** SUPPLIED MATERIAL **
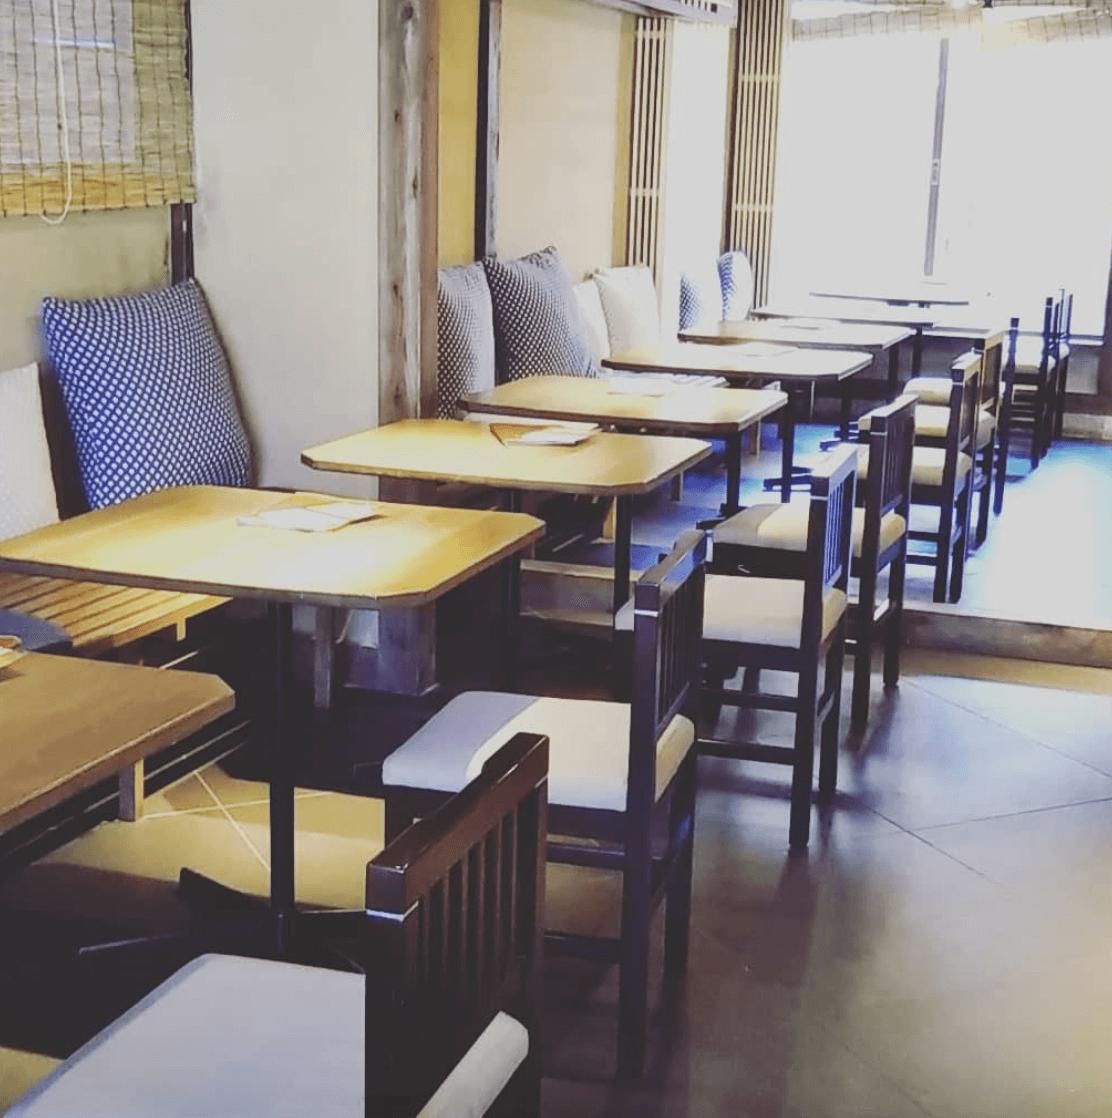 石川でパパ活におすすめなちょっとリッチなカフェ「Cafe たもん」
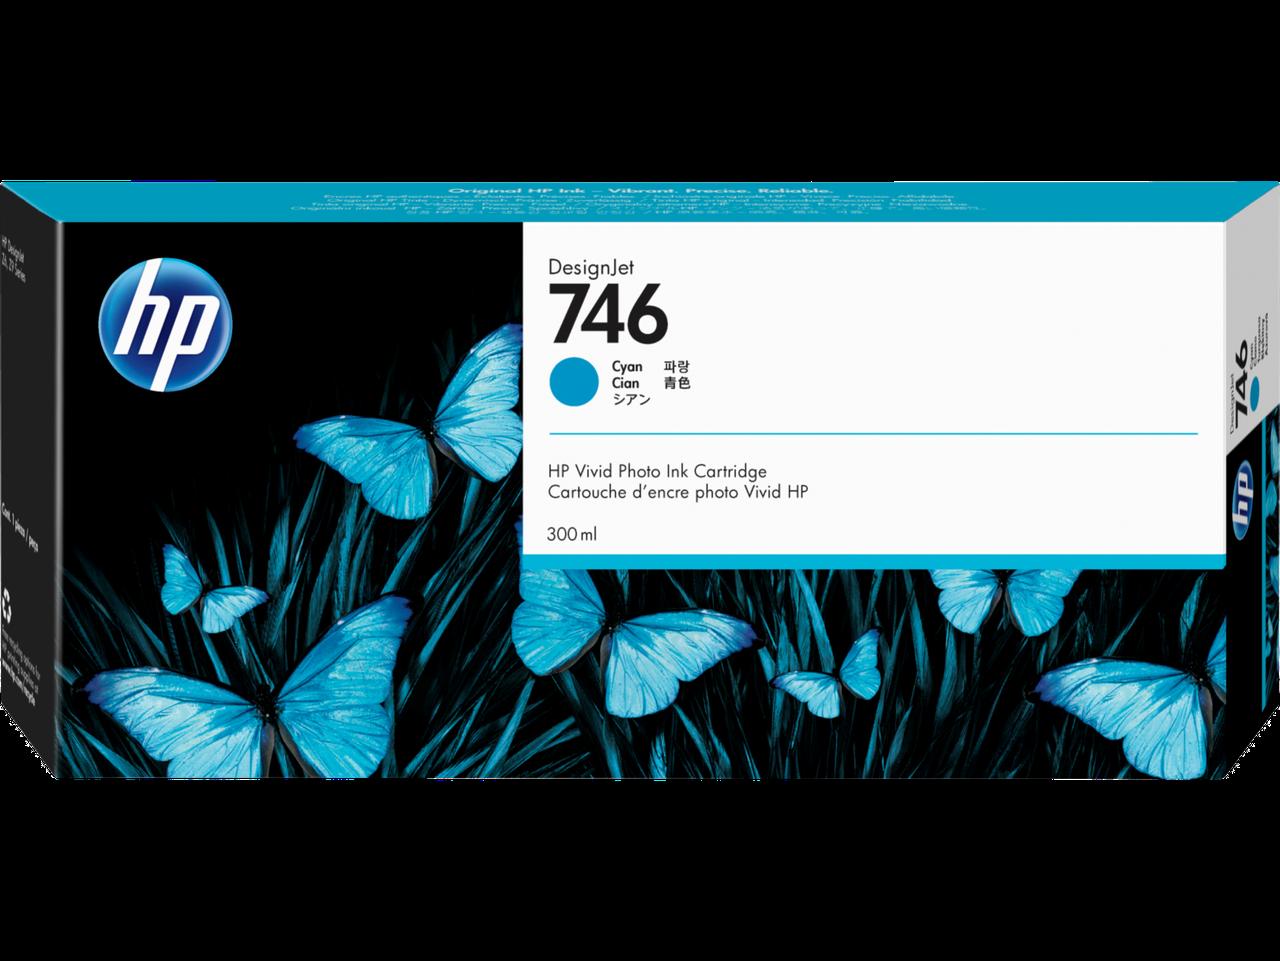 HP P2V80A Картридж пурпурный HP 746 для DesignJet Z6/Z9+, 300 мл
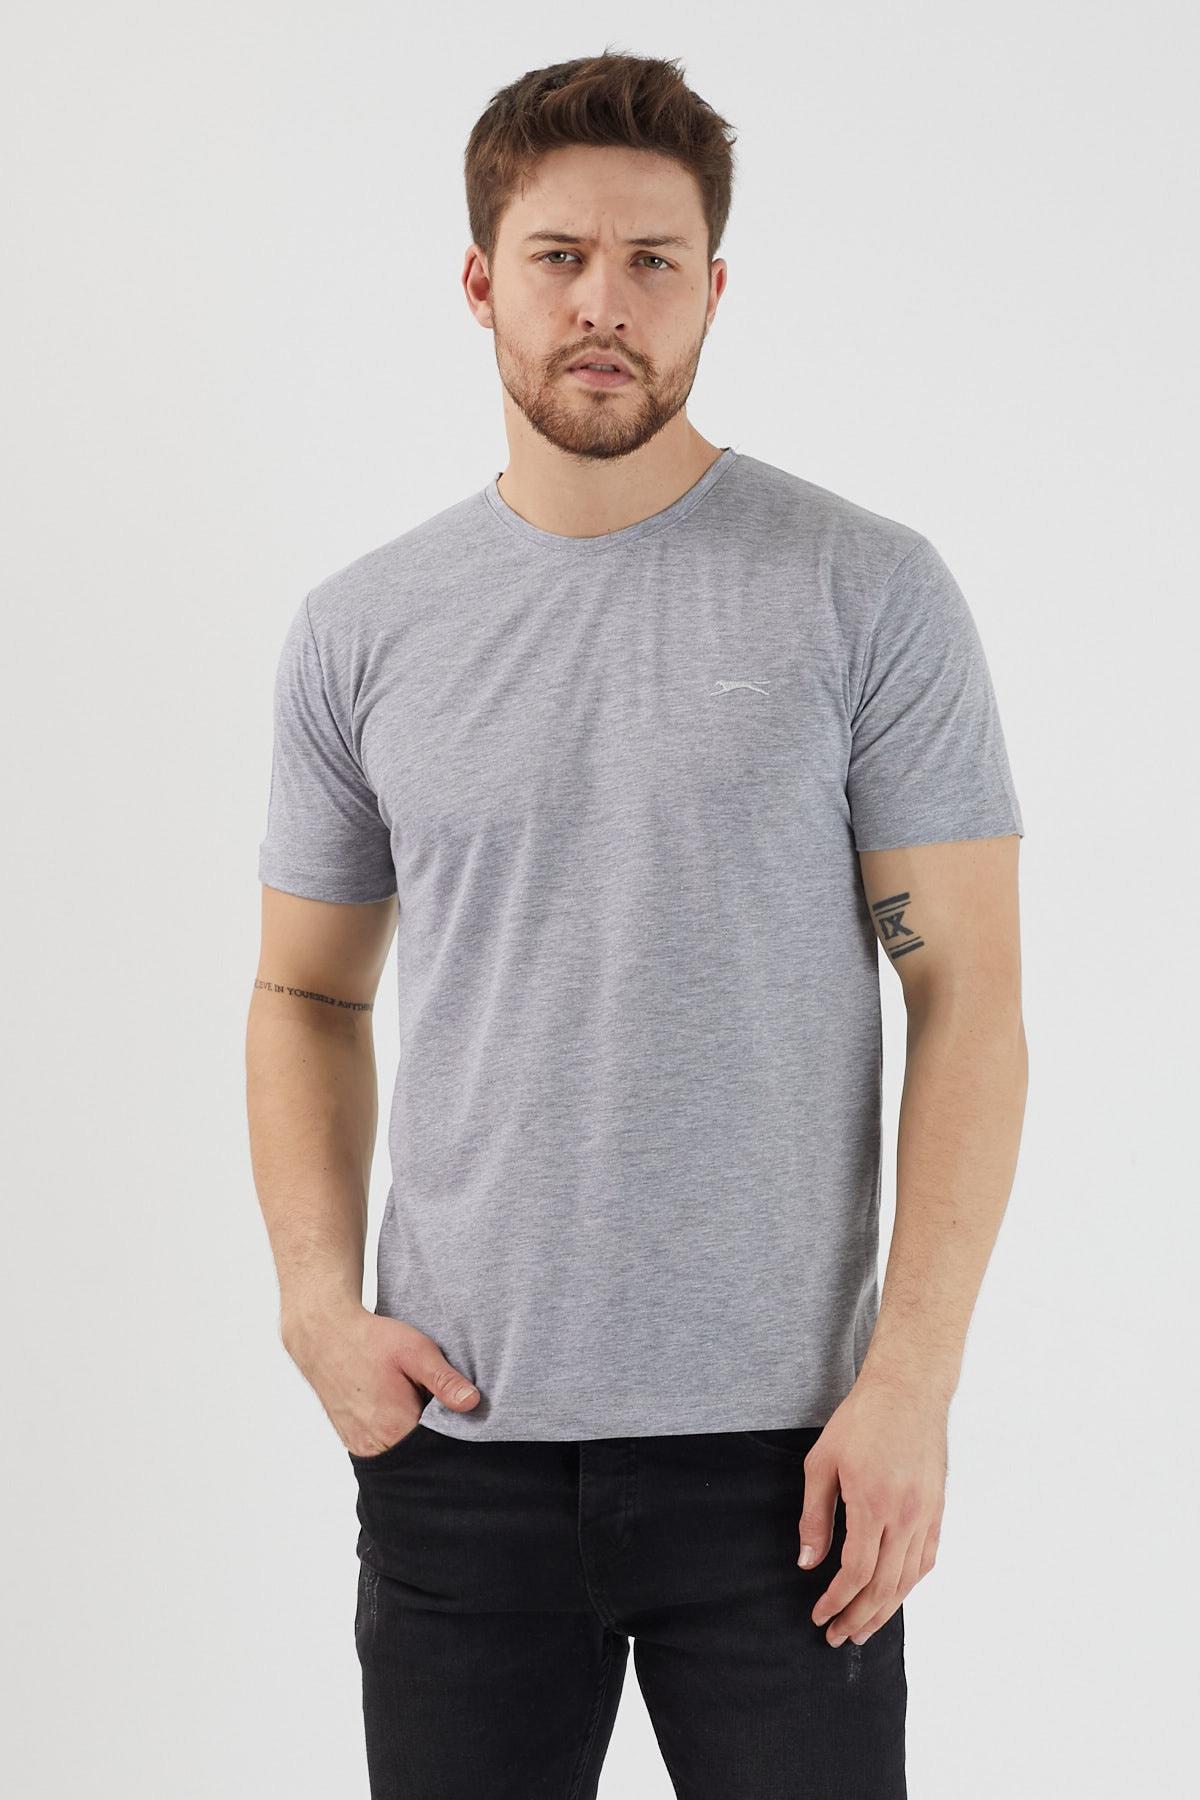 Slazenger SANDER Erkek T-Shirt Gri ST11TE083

** WHAT YOU WILL DO **
Return the material as it stands. Leave out the pictures.

** OUTPUT **
 石川でパパ活におすすめなちょっとリッチなカフェ「Cafe たもん」
 HP P2V80A Картридж пурпурный HP 746 для DesignJet Z6/Z9+, 300 мл
 Slazenger SANDER Erkek T-Shirt Gri ST11TE083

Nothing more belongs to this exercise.